Aku membuka mulutku karena sendok itu sudah didepan mulutku dan tak ingin menjadi pusat perhatian pengunjung disana.
"Nah gitu dong, sesuap lagi yah.." Alvaro makin bercandaiku.
"No.. cukup.. cukup.. ini masih belum habis" aku yang sedang mengunyah makanan menghentikan tangan Alvaro yang ingin melakukan itu lagi.
"Cukup yah, aku tidak enak dilihat yang lain"
"Mereka juga paling cuek aja, banyak pasangan yang seperti ini juga"
"Tapi kita bukan pasangan" aku mengingatkannya.
"Ya kan gak perlu dijelasin ke mereka juga"
Aku tertawa pelan melihat reaksi Alvaro yang menyipitkan matanya membuat wajahnya begitu lucu kulihat.
Suasana sedikit mencair, kami mulai bergurau tentang hal lain.
Kami selesai makan.
"Aku ketoilet sebentar.."
"Oke.."
Aku berjalan menuju toilet, tas dan handphone ada ditempat ku duduk tadi.
Aku mencuci tangan, menatap cermin.
"Apa sih yang ada dipikiranku, bisa-bisanya aku menuruti kemauan Alvaro yang memintaku bersamanya hari ini.
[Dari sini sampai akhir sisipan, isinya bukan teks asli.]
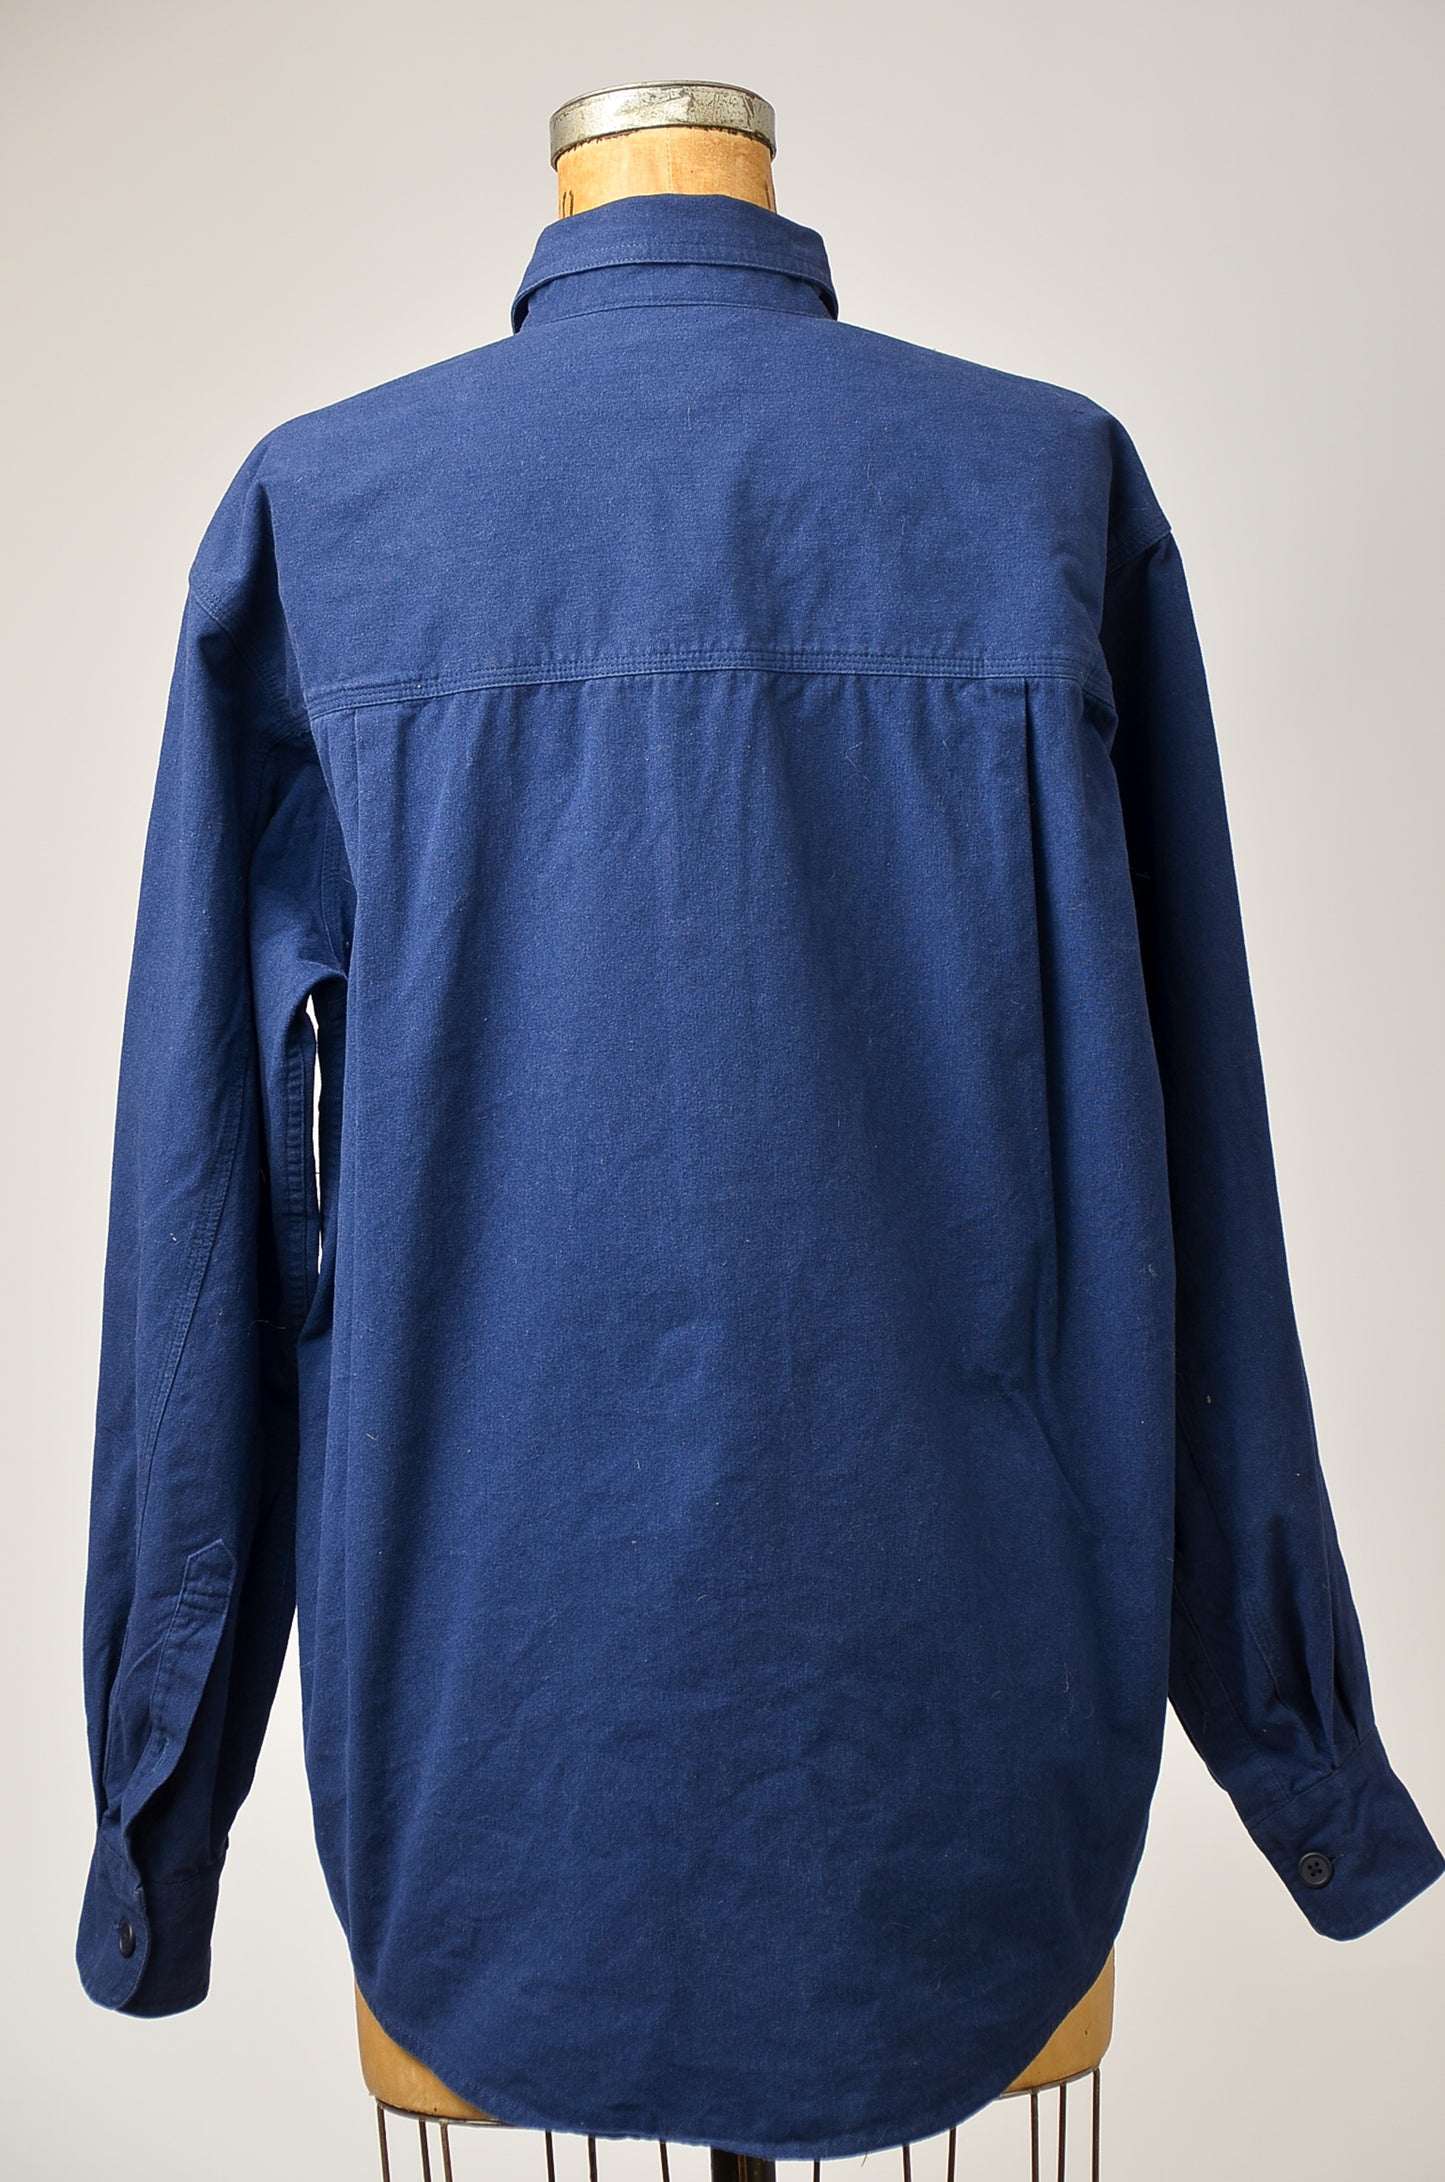 Vintage Patagonia Navy Blue Button Down Outdoorsman Shirt Jacket

Mengapa aku tak bisa menolak hal itu, seharusnya aku bisa" sedikit melamun tentang sikapku pada Alvaro saat ini.
Aku kembali ke meja.
"Sudah?"
"Iya.."
"Yuk, aku sudah selesai bayar juga, aku ingin mengajak kamu nonton.."
"Alvaro.. aku tidak bisa.."
"Hanya menonton.. apa salahnya?"
"Hal lain please.."
"Apa dong.. kehotel?"
"Apa maksudmu?" Aku mencubitnya pelan.
"Aww.. ya aku bercanda, jangan marah gitu dong" sambil mengusap lengannya yg kucubit tadi.
"Main ice skating?"
"Aku tidak bisa sungguh" aku memang tidak bisa bermain ice skating.
"Kalau begitu kita coba, aku akan mengajarkanmu, ini akan lebih mudah sungguh" Alvaro menyakinkan.
"Tidak itu akan membuatku konyol" aku malu.
"Konyol bagaimana, ayoklah.."
"Tidak ada hal lain gitu?"
"Saat ini hanya itu pilihannya"
"Arrgghh... kenapa aku harus mengikutimu" kami pergi ketempat yang dituju dan meninggalkan restoran.
Kami jalan beriringan sambil mengobrol sedikit tentang masa lalu kami, astaga aku merasa Alvaro sedang mengingatkan aku tentang dulu yang pernah kita alami, hatiku terusik karenanya. Membuatku merasakan lagi hal yang pernah membuat kita begitu dekat. Merasakan lagi cinta yang pernah tumbuh untuknya.